■ Exercise brief
An exact copy of the data is needed, but without any of its images.

■ Dataset extract
※

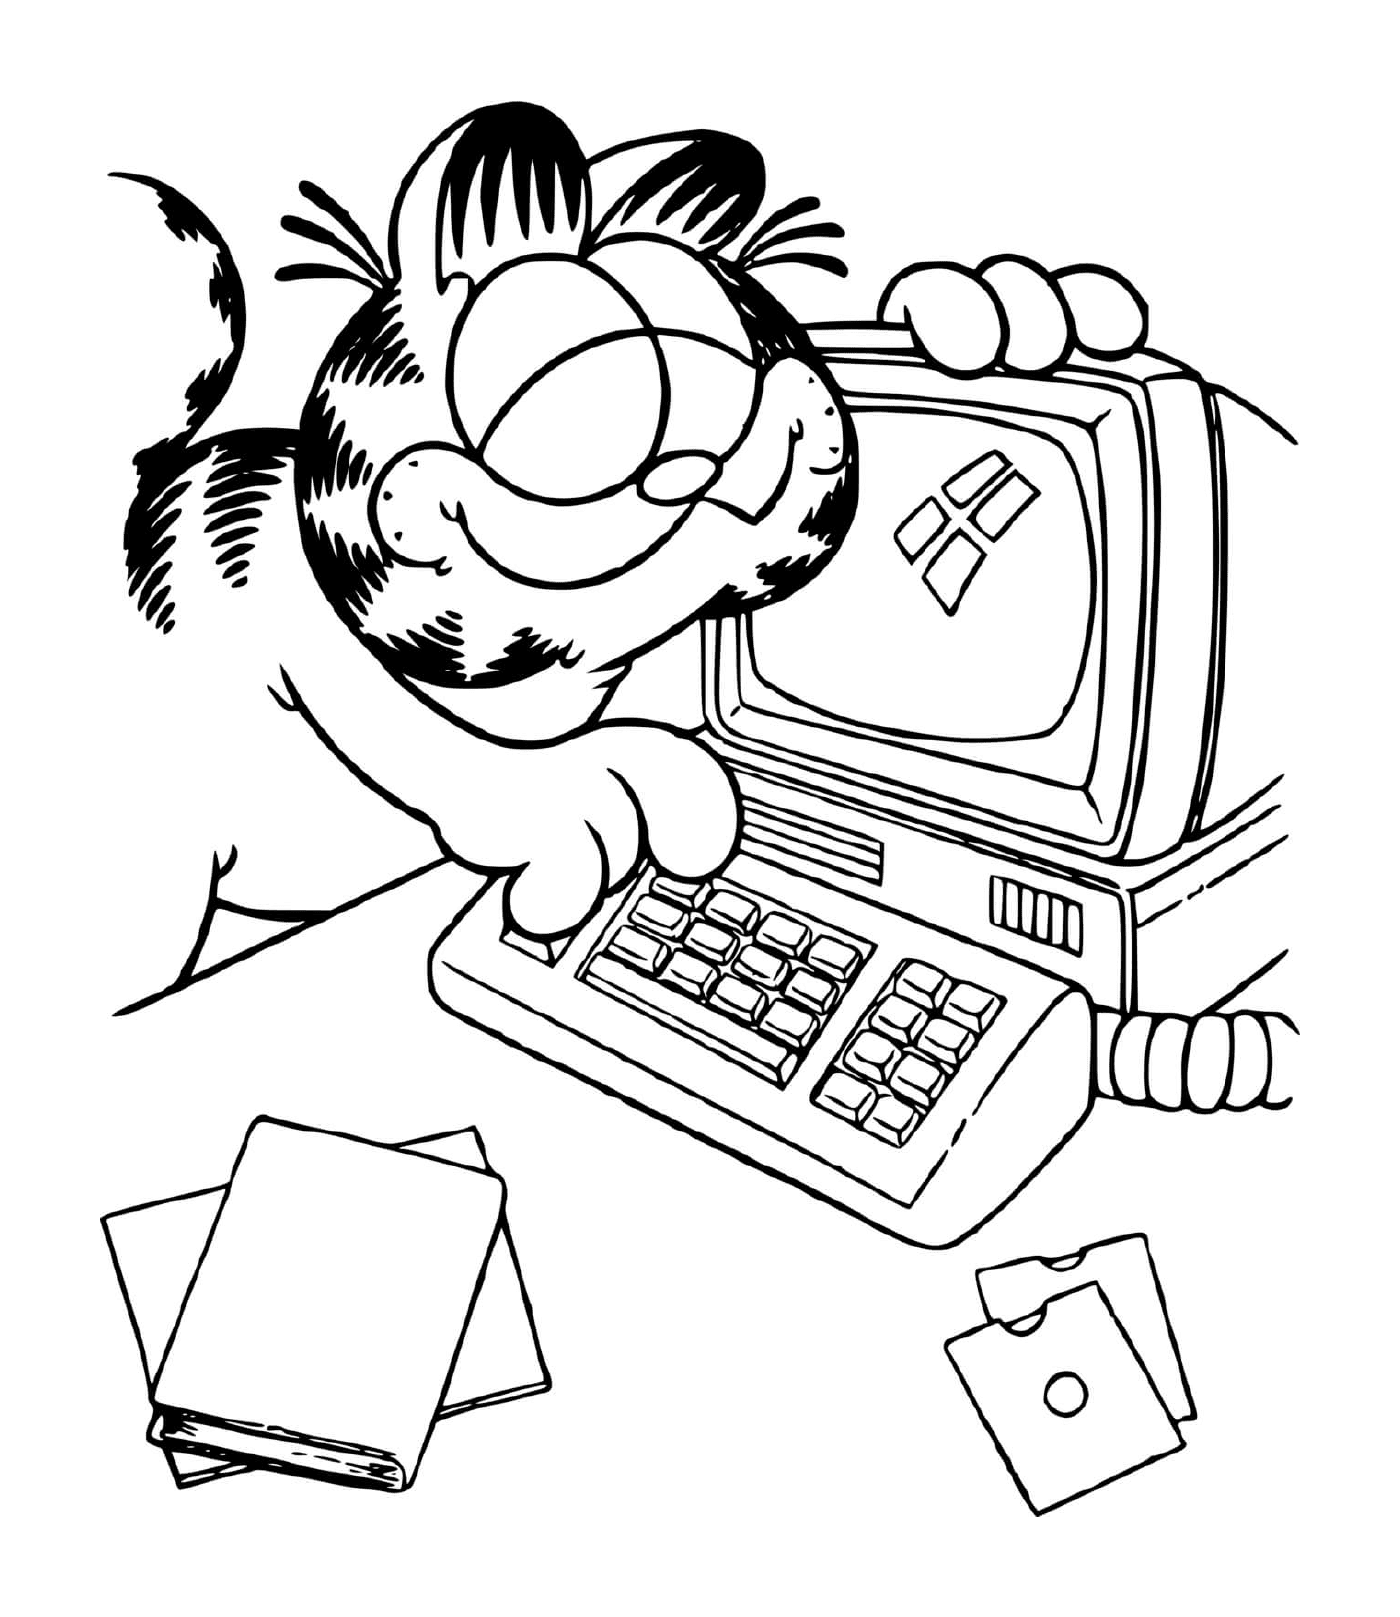  Garfield usa un computer 
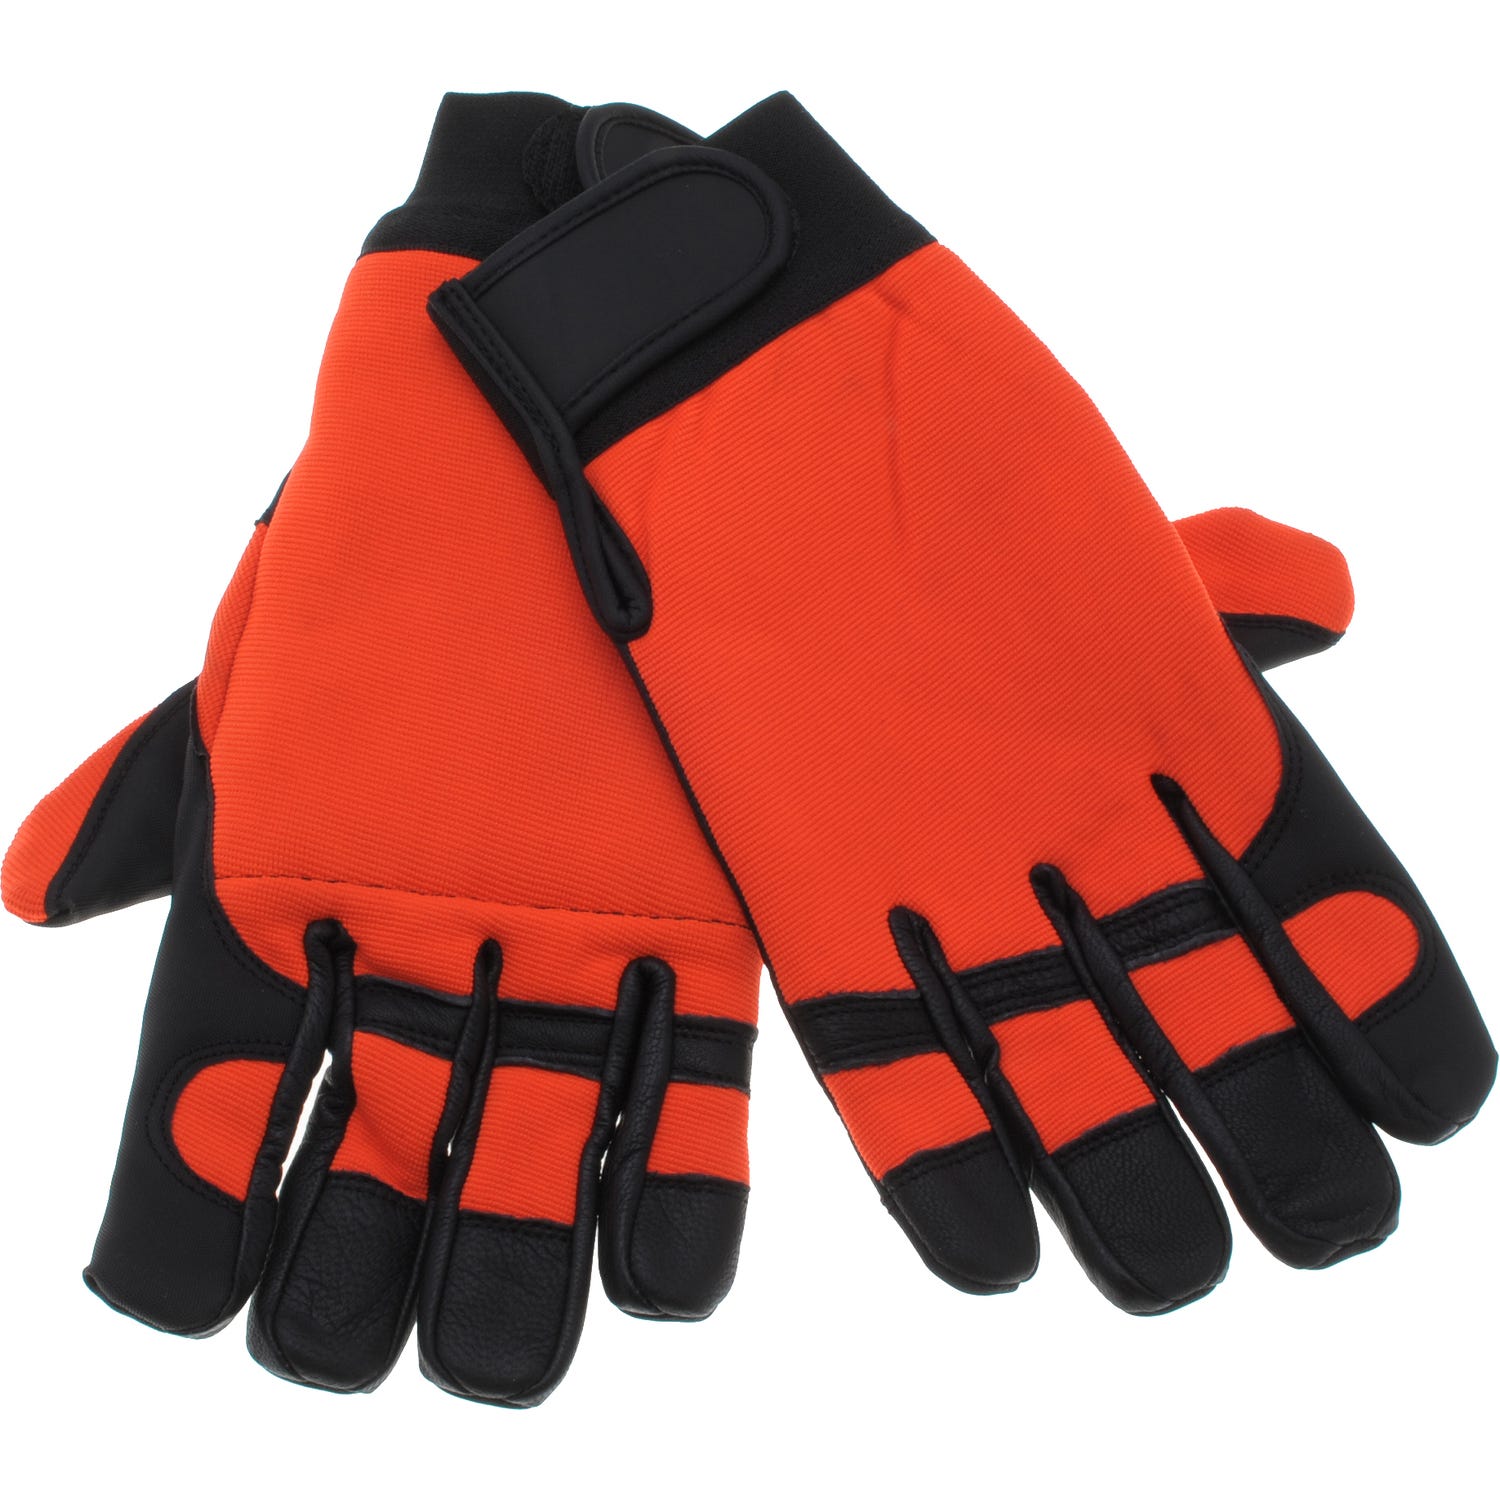 Paire de gants anti-coupure pour tronçonneuse Solidur taille 9
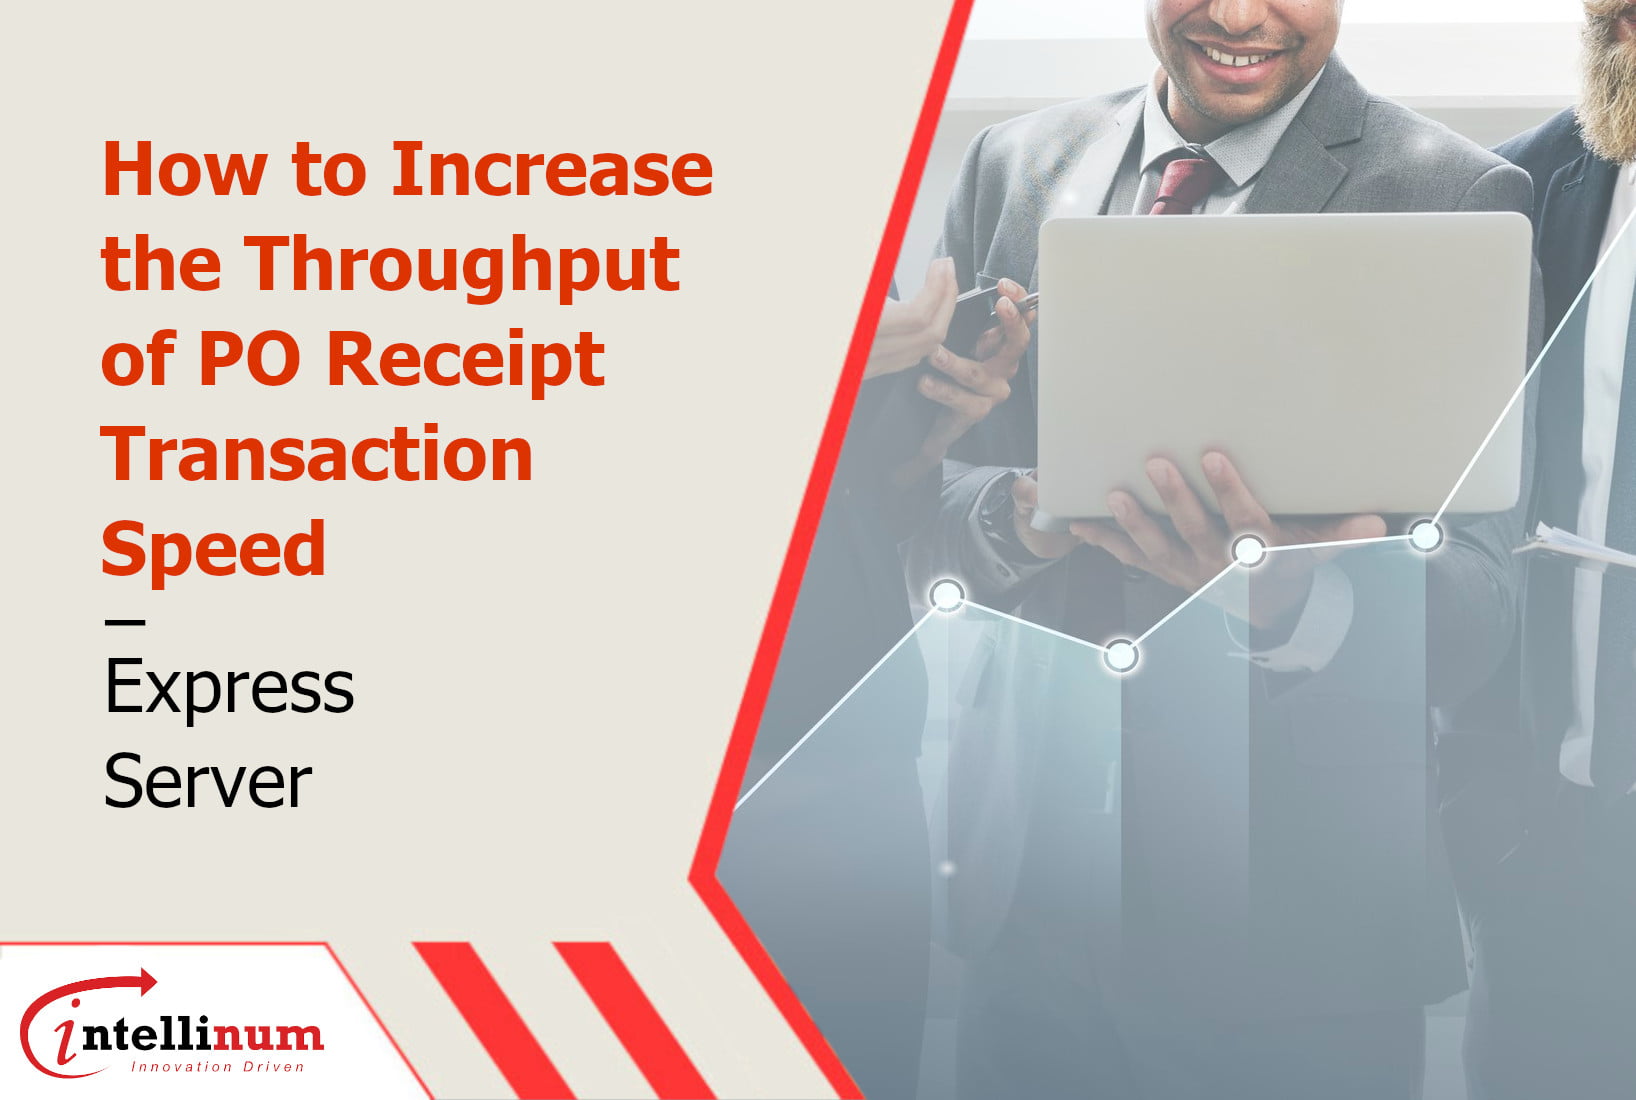 throughput of po receipt transaction speed – express server
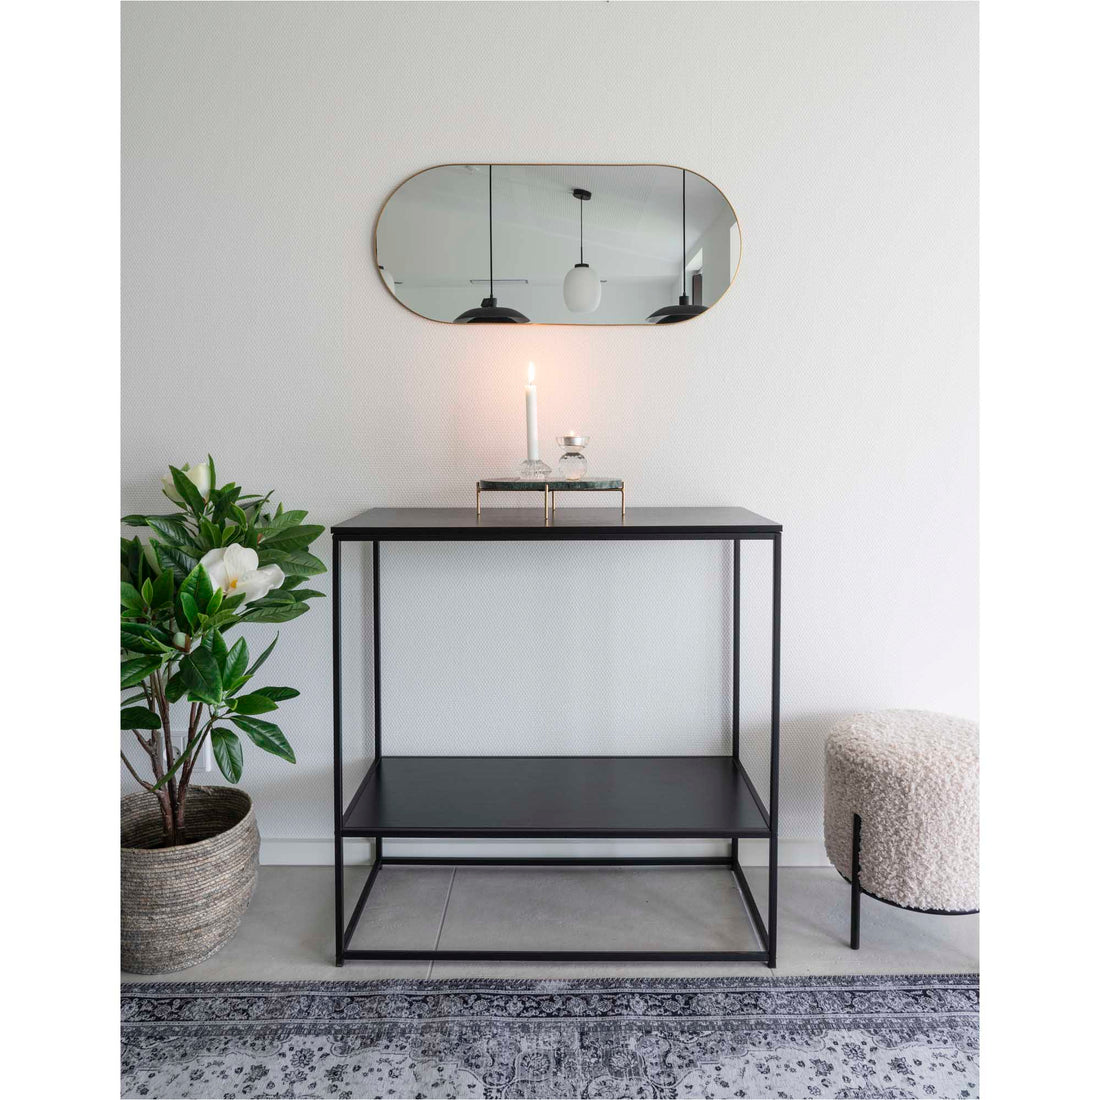 Jersey Mirror Oval - Ovaler Spiegel in Stahl, Messing -Look, 35 x 80 cm - 1 - PCs

※

■ Answer for the task
  Garfield usa un computer 
 Paire de gants anti-coupure pour tronçonneuse Solidur taille 9
 throughput of po receipt transaction speed – express server
 Jersey Mirror Oval - Ovaler Spiegel in Stahl, Messing -Look, 35 x 80 cm - 1 - PCs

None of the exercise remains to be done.